Jak mchy nieprzemakalne, pędzi tu jak sarny
Wyprzedza świat minecraftowy, nawiedza wirtualny
System bizarny, materiał trudnostrawny.
Da przepływ momentalny religijny, cios momentalny
Kandydat obiadowy
Doznaje cudów w dwutysięcznym roku, za to, że mamy materiał łatwo palny
Pora na obiad eksperymentalny, na na na nuuu
W sposób niekonwencjonalny głoszę treści, słuchaj proszę
Trafiam cię w punkt strawny, jelita, żołądek moment nie przegapialny
Nastroszę się, gniew borsów jest nieobliczalny
Uduszę cię, za co to sie dopiero po śmierci dowiesz . bicz.

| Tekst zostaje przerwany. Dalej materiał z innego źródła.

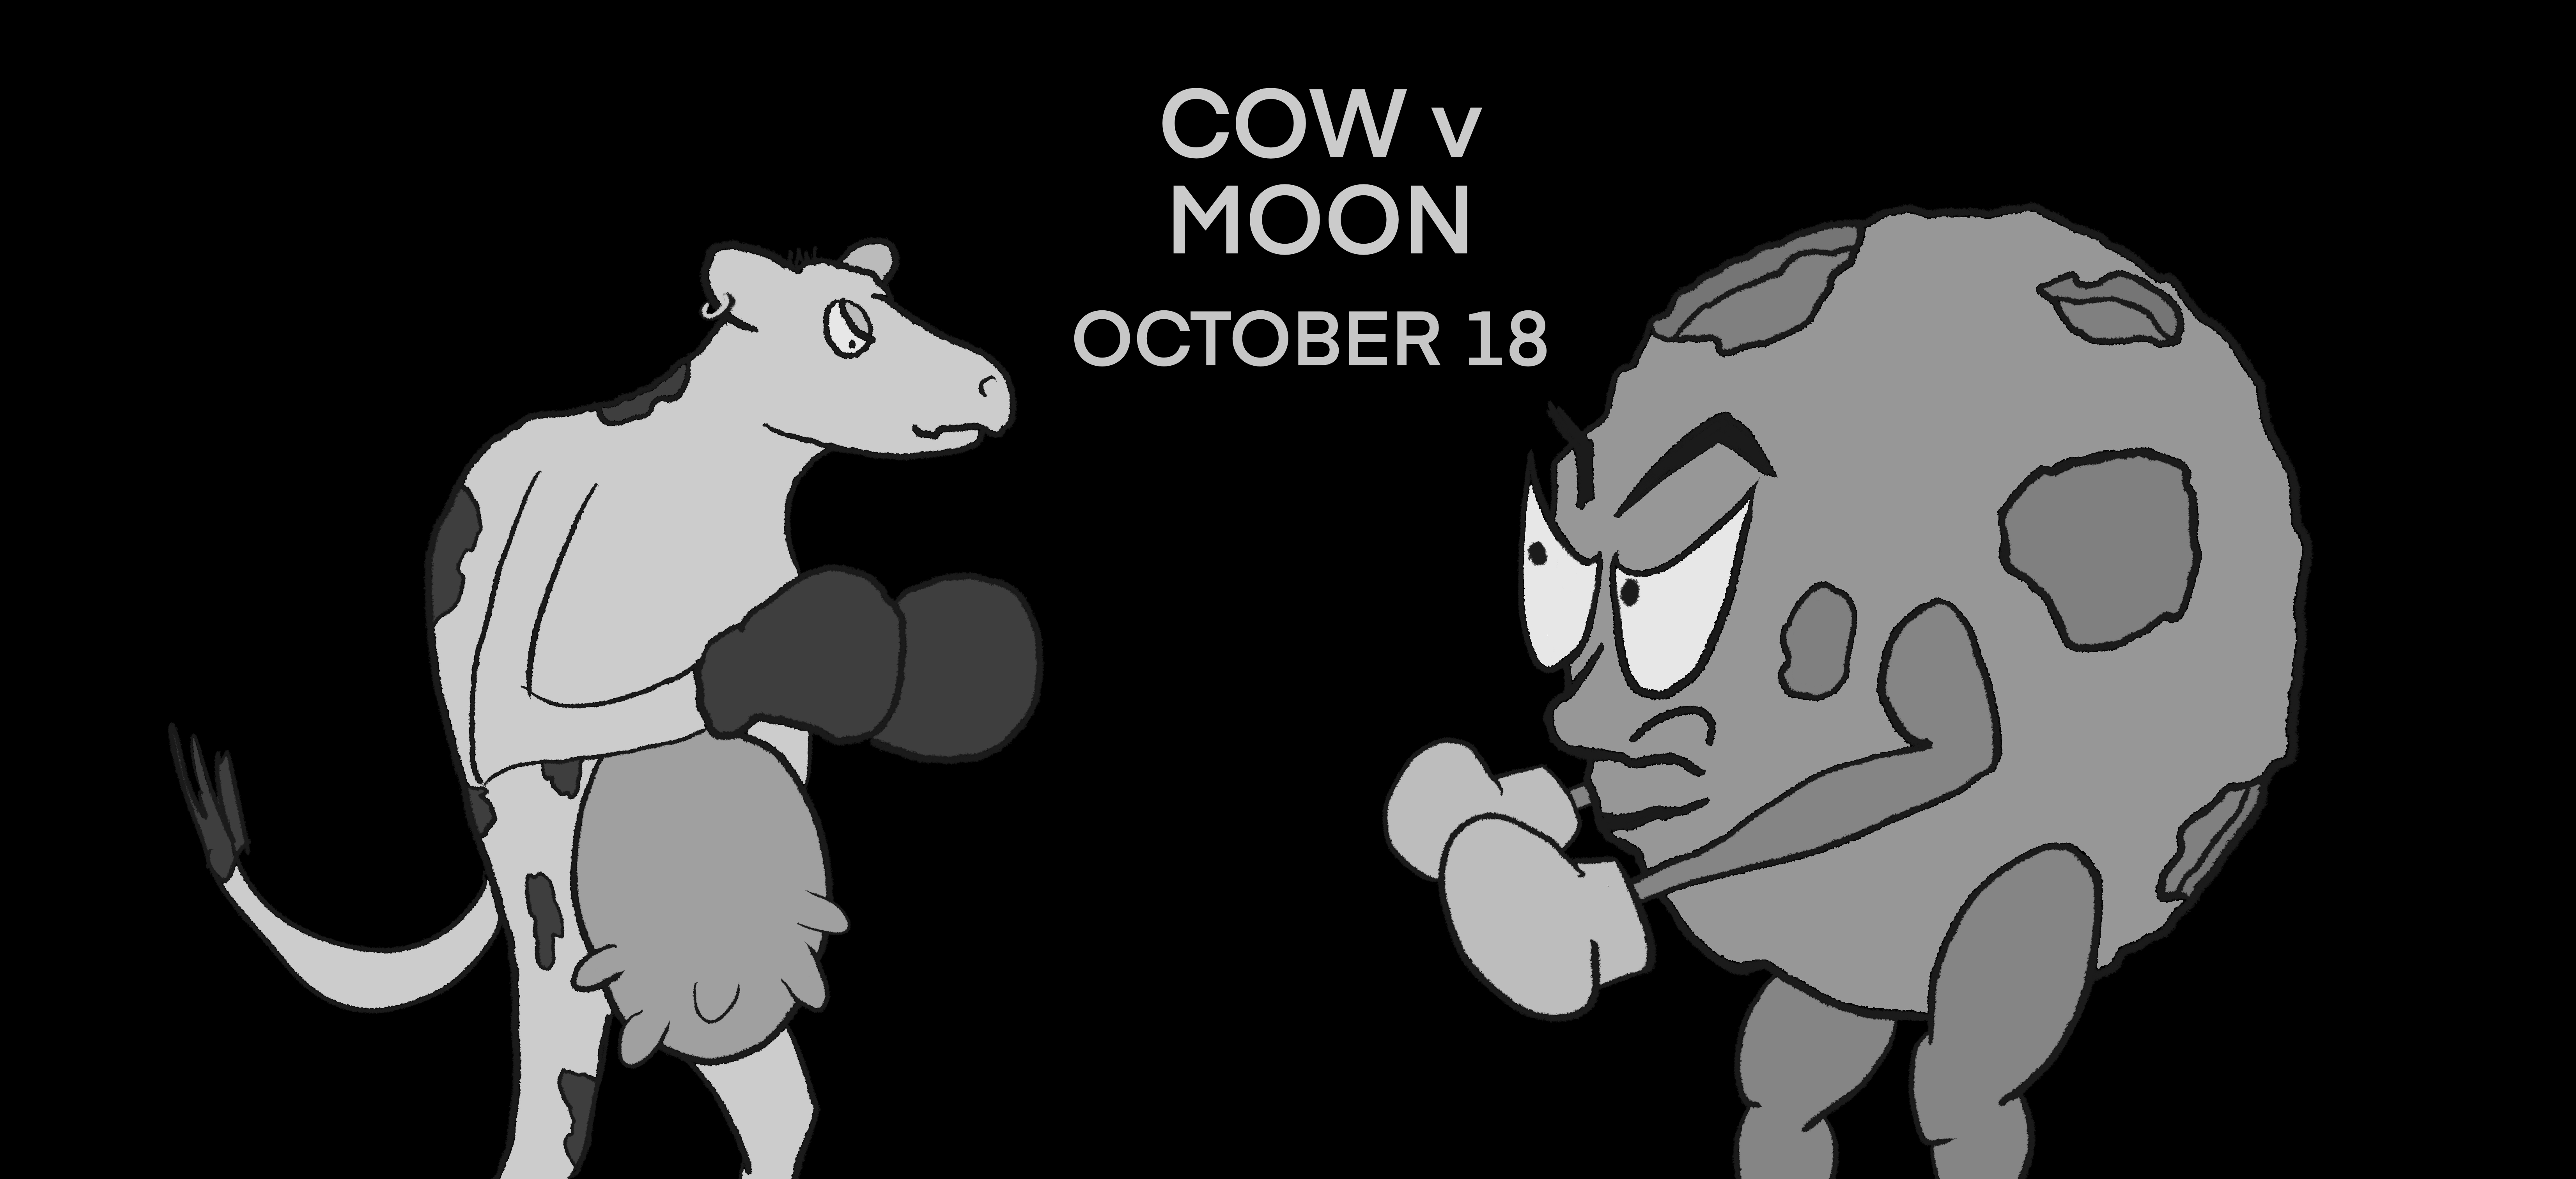 image from Cow v Moon
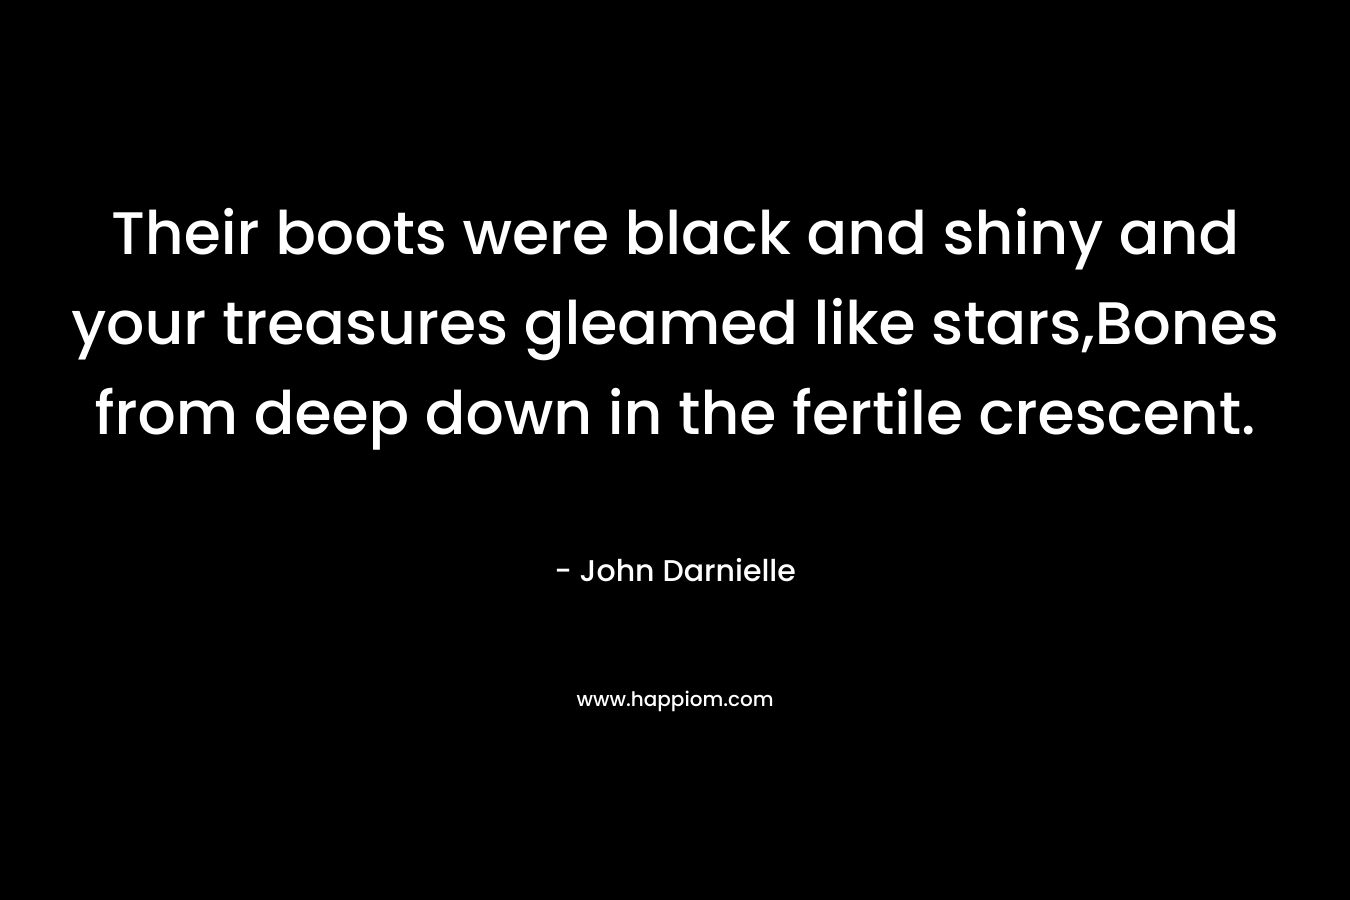 Their boots were black and shiny and your treasures gleamed like stars,Bones from deep down in the fertile crescent. – John Darnielle

idealny świat? Chyba w kozakach
Modny krach! Fak nieprzewidywalny
Jestem jeleniem
Uświadom to sobie, sobie
Ty też jesteś jeleniem
Tylko wyobraź to sobie, sobie
Sram,sram,sram i chce więcej
Chce więcej, tak to jest mniej więcej
Uczę się sztuki bycia, szycia no i mycia .
I rzucam tym, a to jak kaczuszka pierdziuszka. Trach !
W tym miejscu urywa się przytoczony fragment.